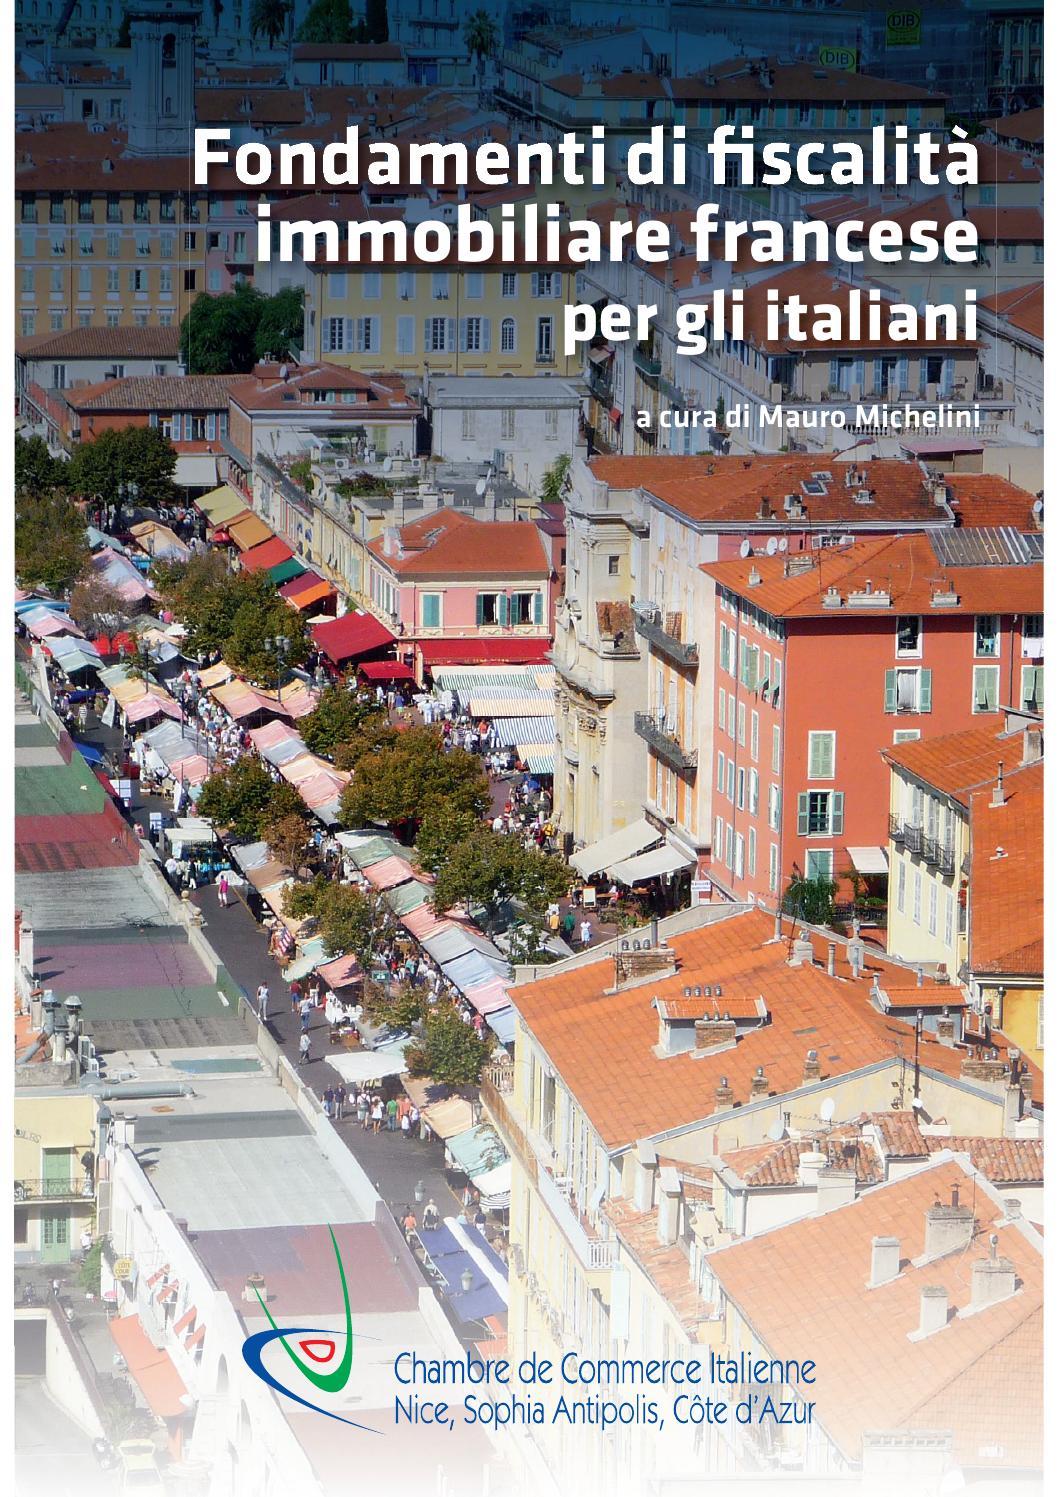 Fondamenti di fiscalit immobiliare francese per gli - Chambre de commerce italienne de nice ...
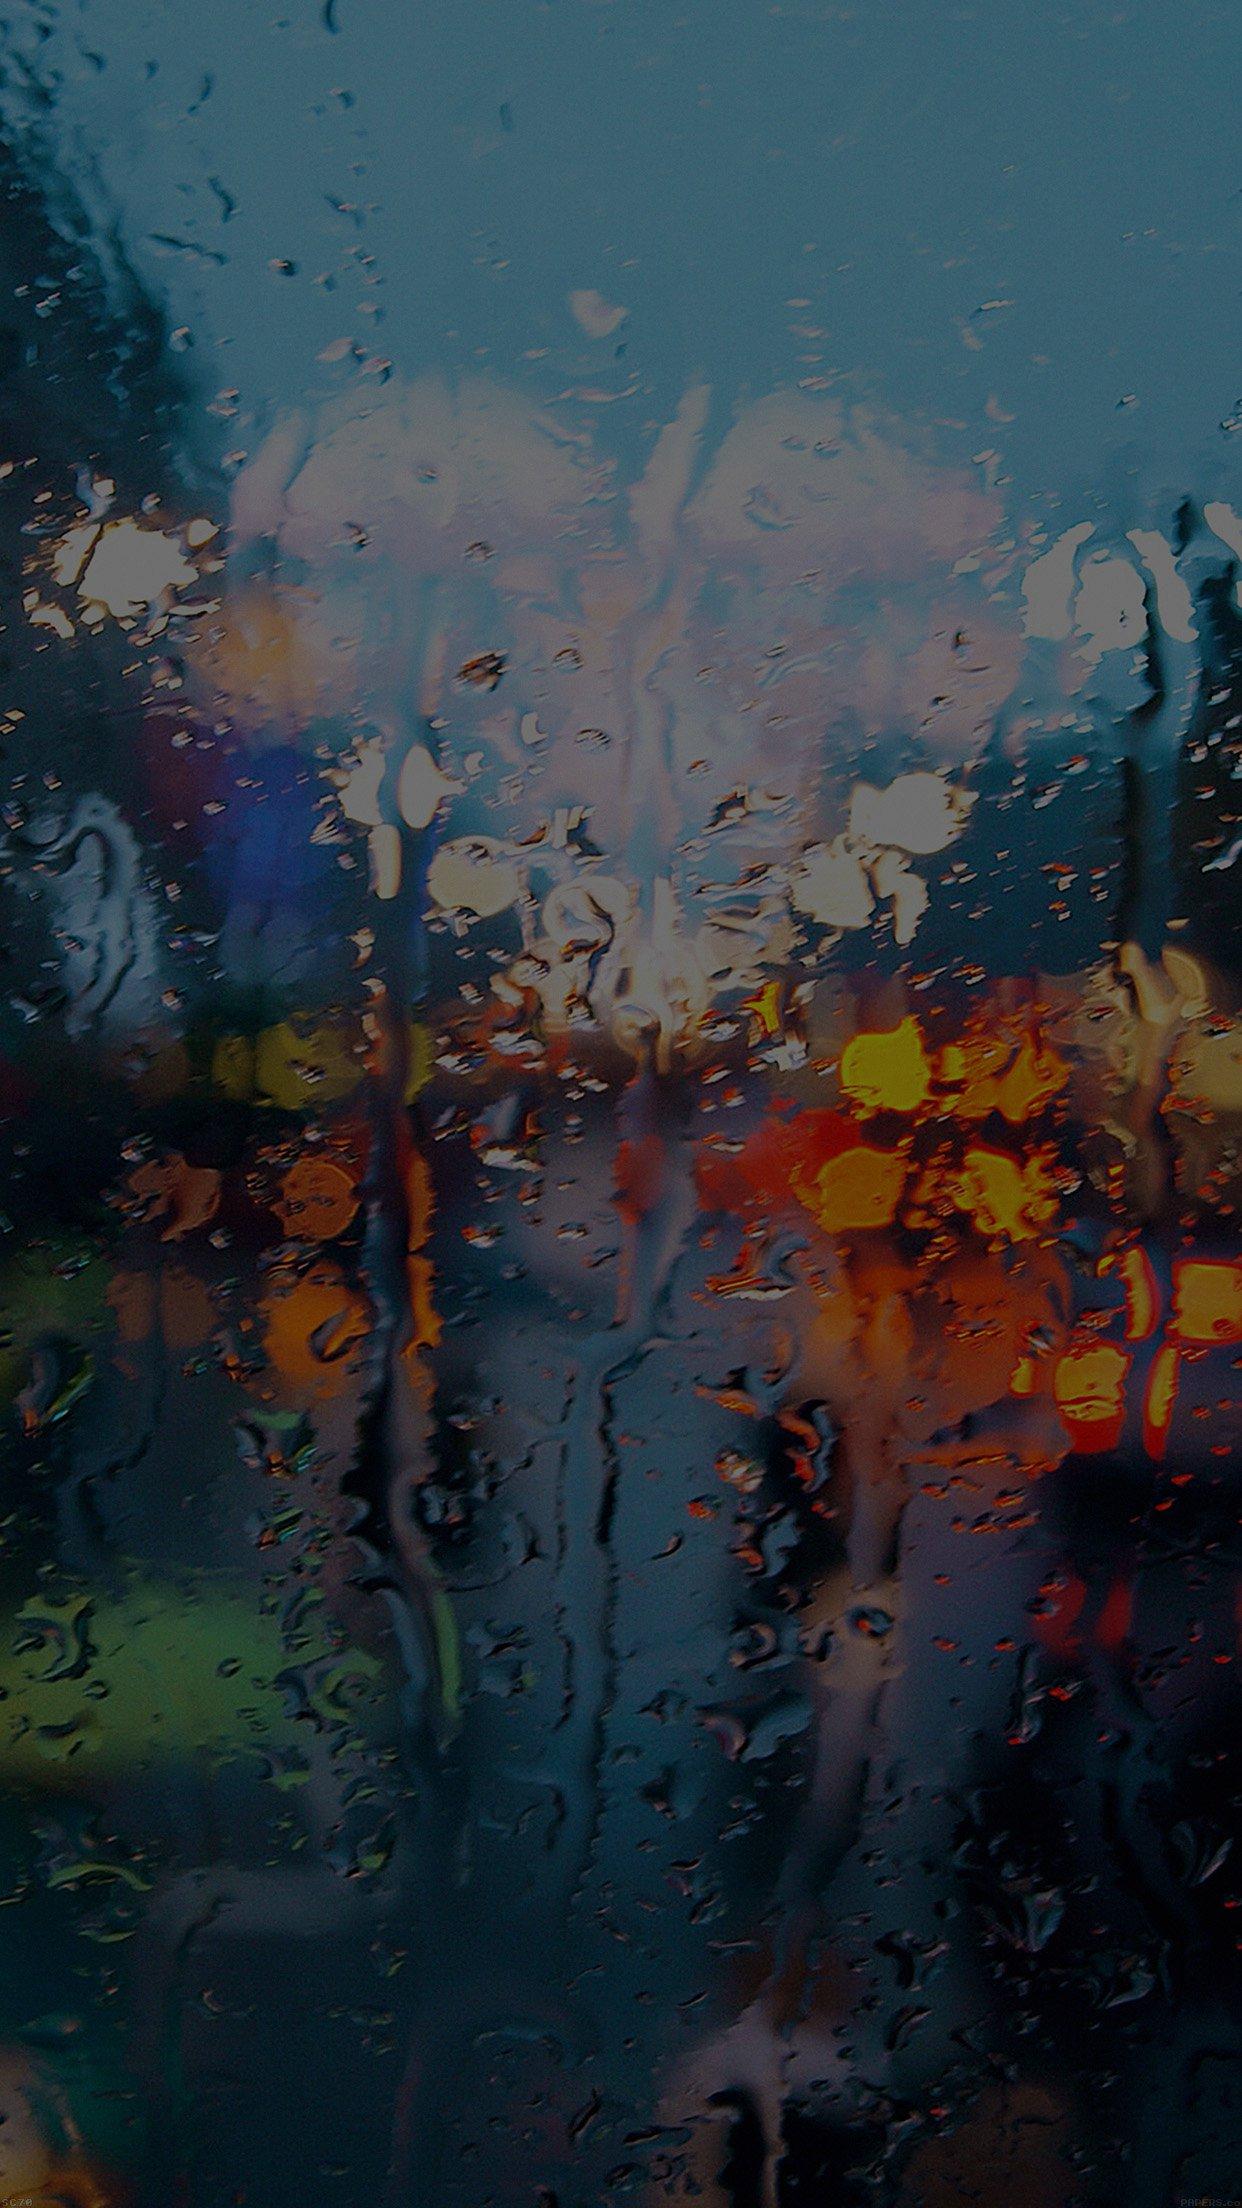 Somedays Rain Window Wet Nature Dark Android Wallpaper
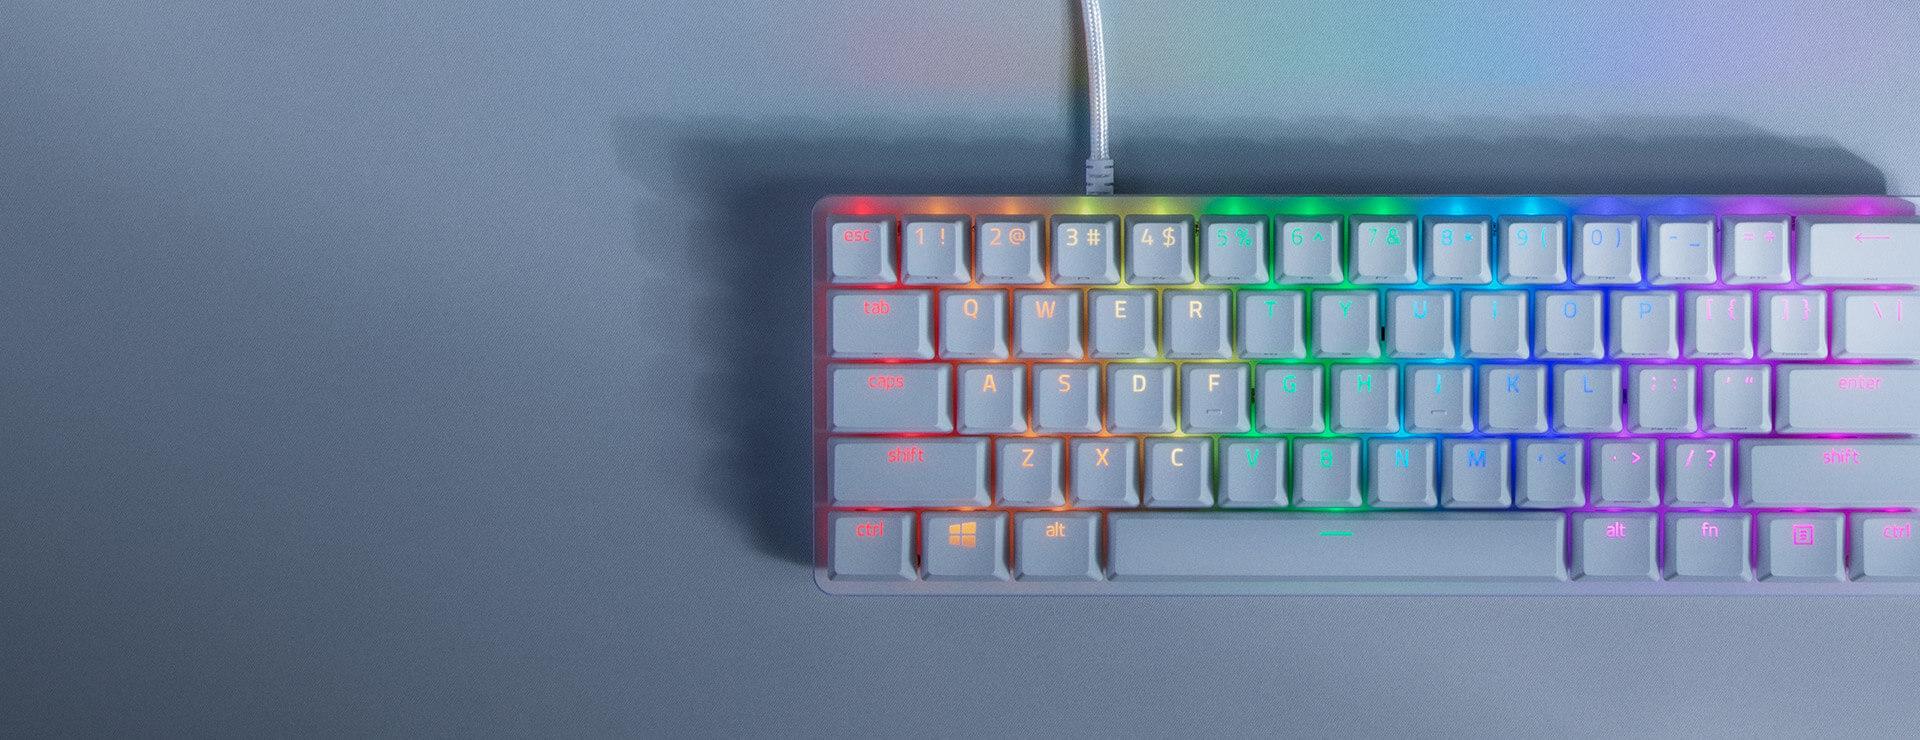 Bàn phím cơ Razer Huntsman Mini Mercury ( Clicky Purple optical switch) (RZ03-03390300-R3M1) có thể lưu trữ tuỳ chỉnh trên bộ nhớ của bàn phím
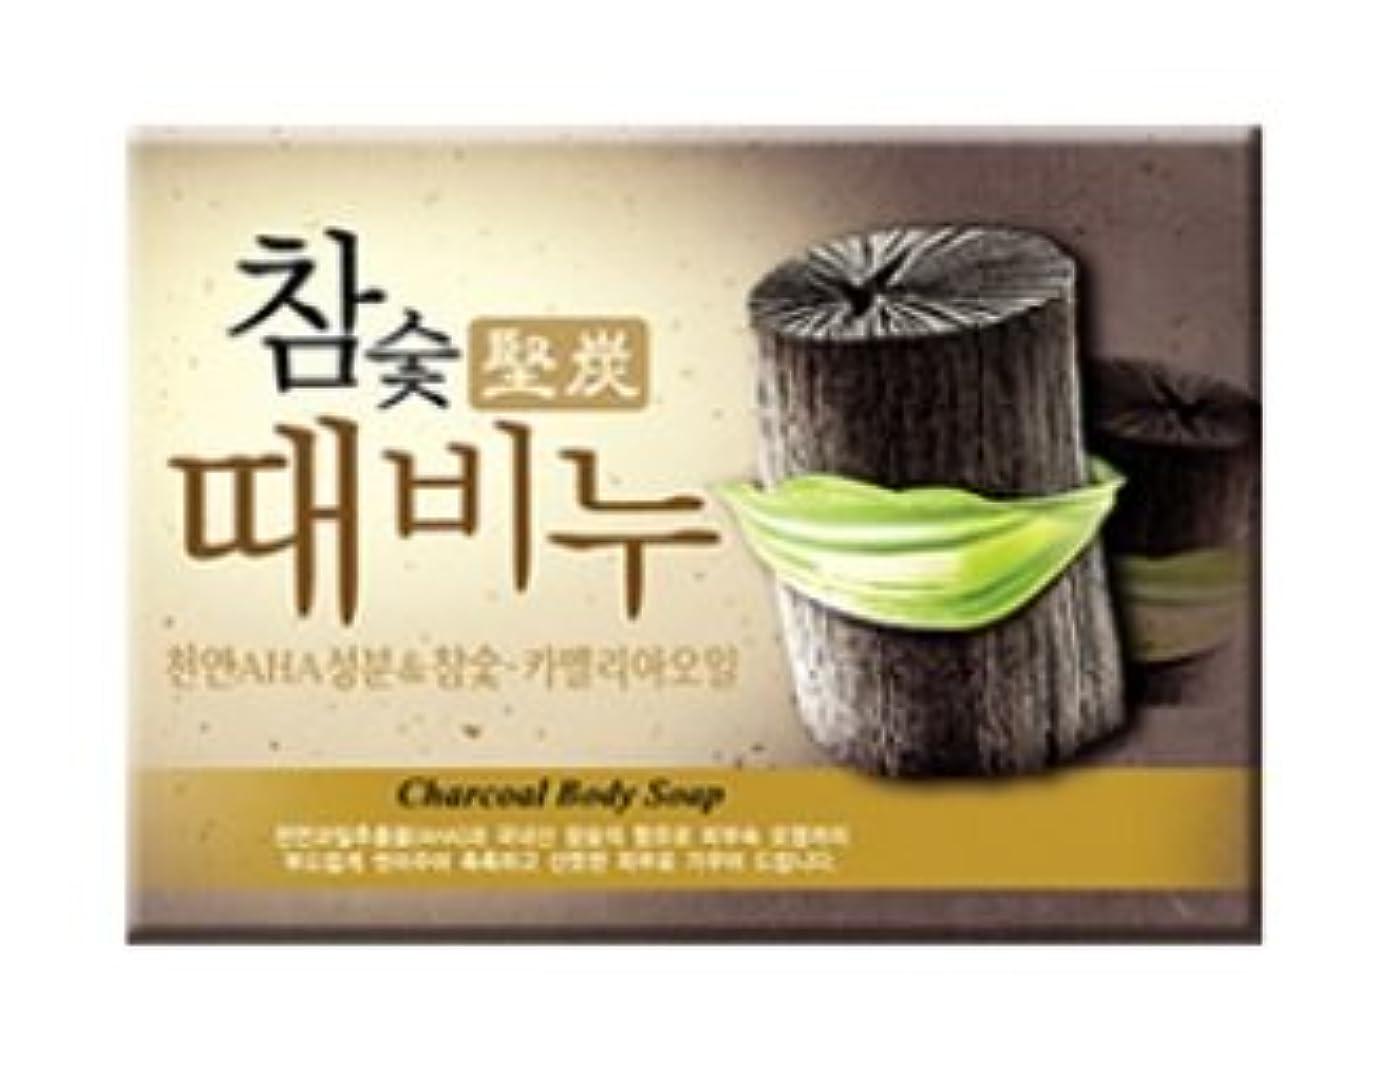 仕事に行く喪長くする堅炭ソープ 100g / Charcoal Body Soap [並行輸入品]

━━━━━━

Exercise brief
Print all the lines above exactly as they are, but without the pictures.

Finished exercise
 Fondamenti di fiscalit immobiliare francese per gli - Chambre de commerce italienne de nice ...
 Somedays Rain Window Wet Nature Dark Android Wallpaper
 Bàn phím cơ Razer Huntsman Mini Mercury ( Clicky Purple optical switch) (RZ03-03390300-R3M1) có thể lưu trữ tuỳ chỉnh trên bộ nhớ của bàn phím
 仕事に行く喪長くする堅炭ソープ 100g / Charcoal Body Soap [並行輸入品]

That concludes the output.